* [Brief]:
Please transcribe exactly the lines from the line holding "Sky & Wall Photo Stock" through the end of the data below, and skip any pictures.

* [Given data]:
[Start of Attachment]
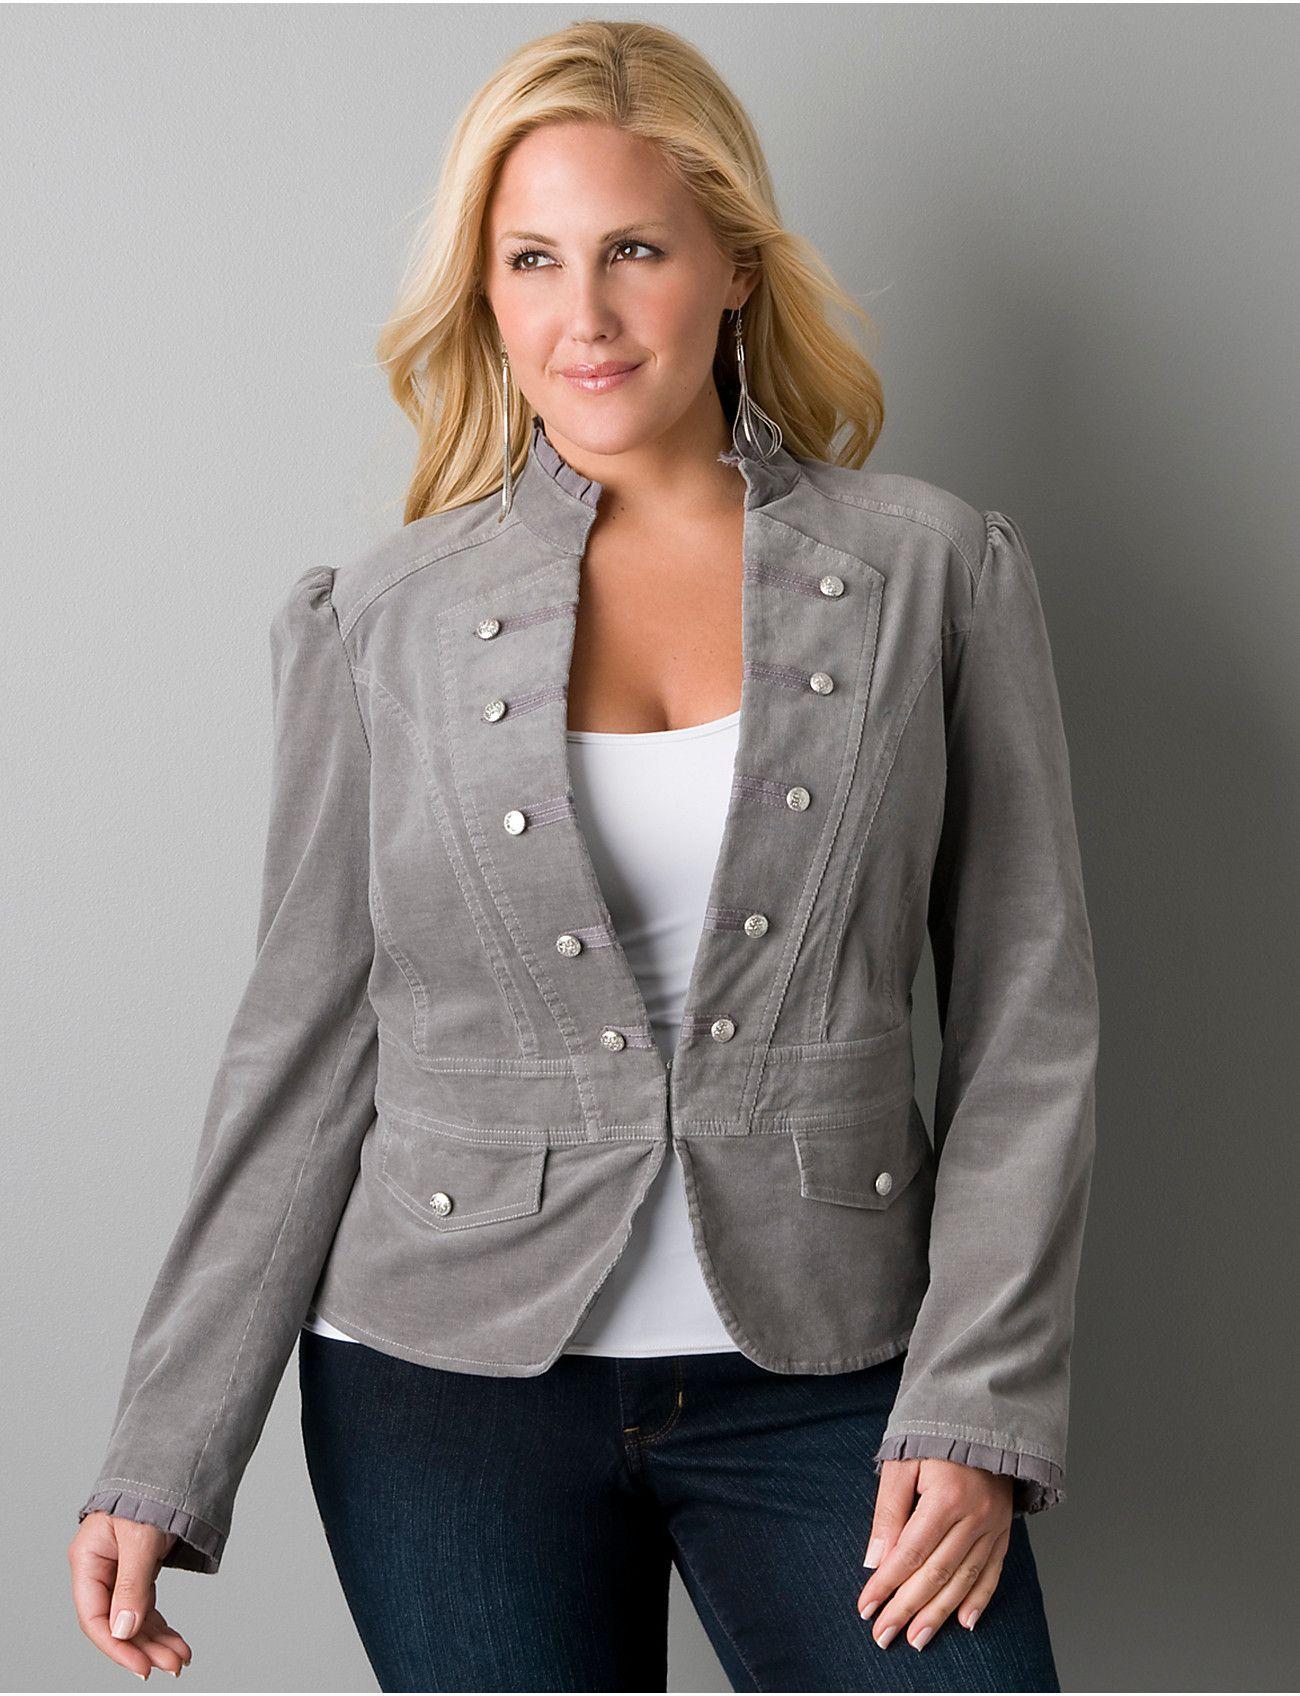 Corduroy Military Jacket Plus Size Fashion Full Figure Fashion Military Style Jacket Womens [ 1696 x 1300 Pixel ]
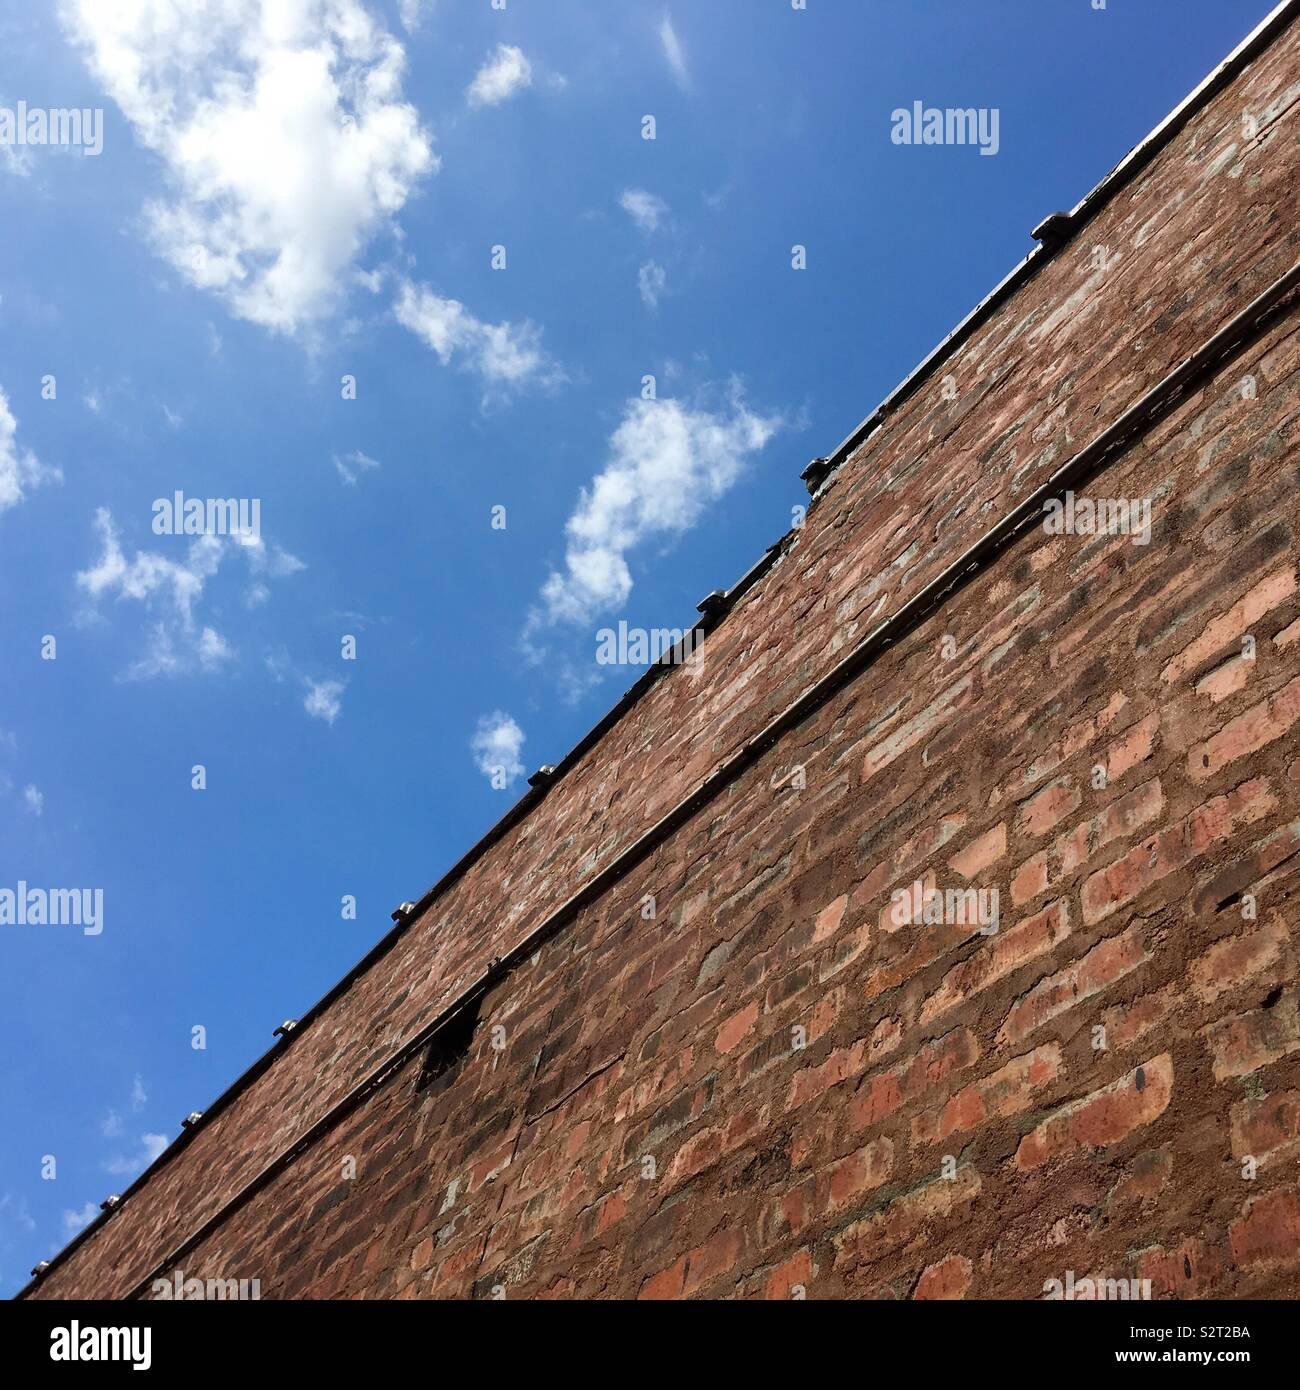 Sky & Wall Photo Stock
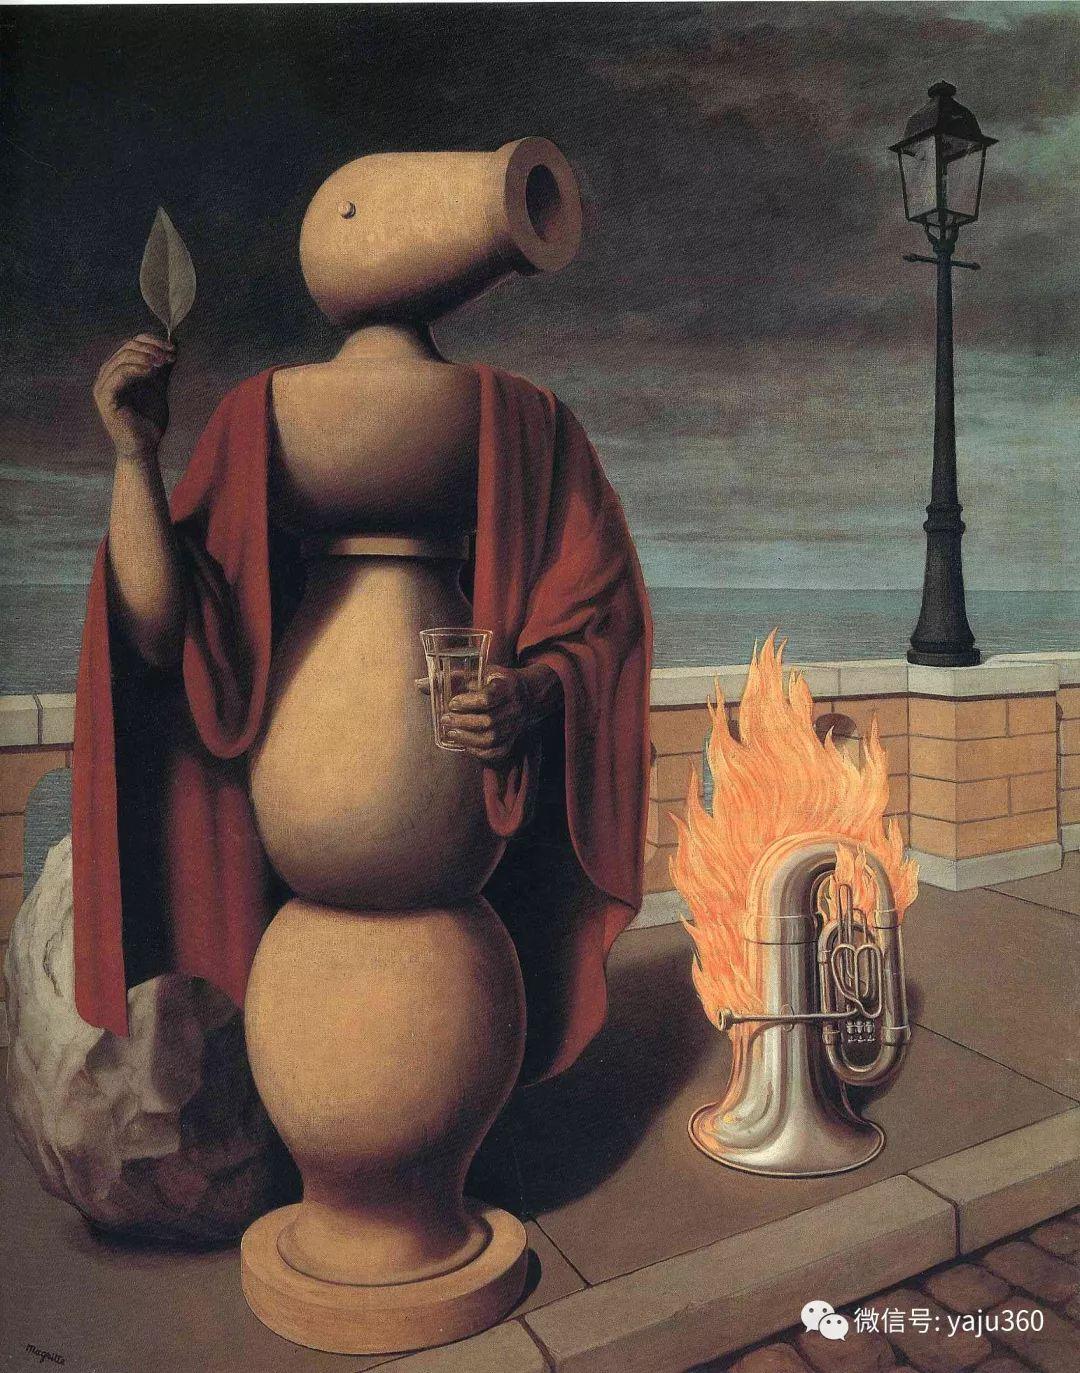 超现实主义 比利时画家Rene Magritte插图19
[End of Attachment]
* [Written answer]:
 Sky & Wall Photo Stock
 超现实主义 比利时画家Rene Magritte插图19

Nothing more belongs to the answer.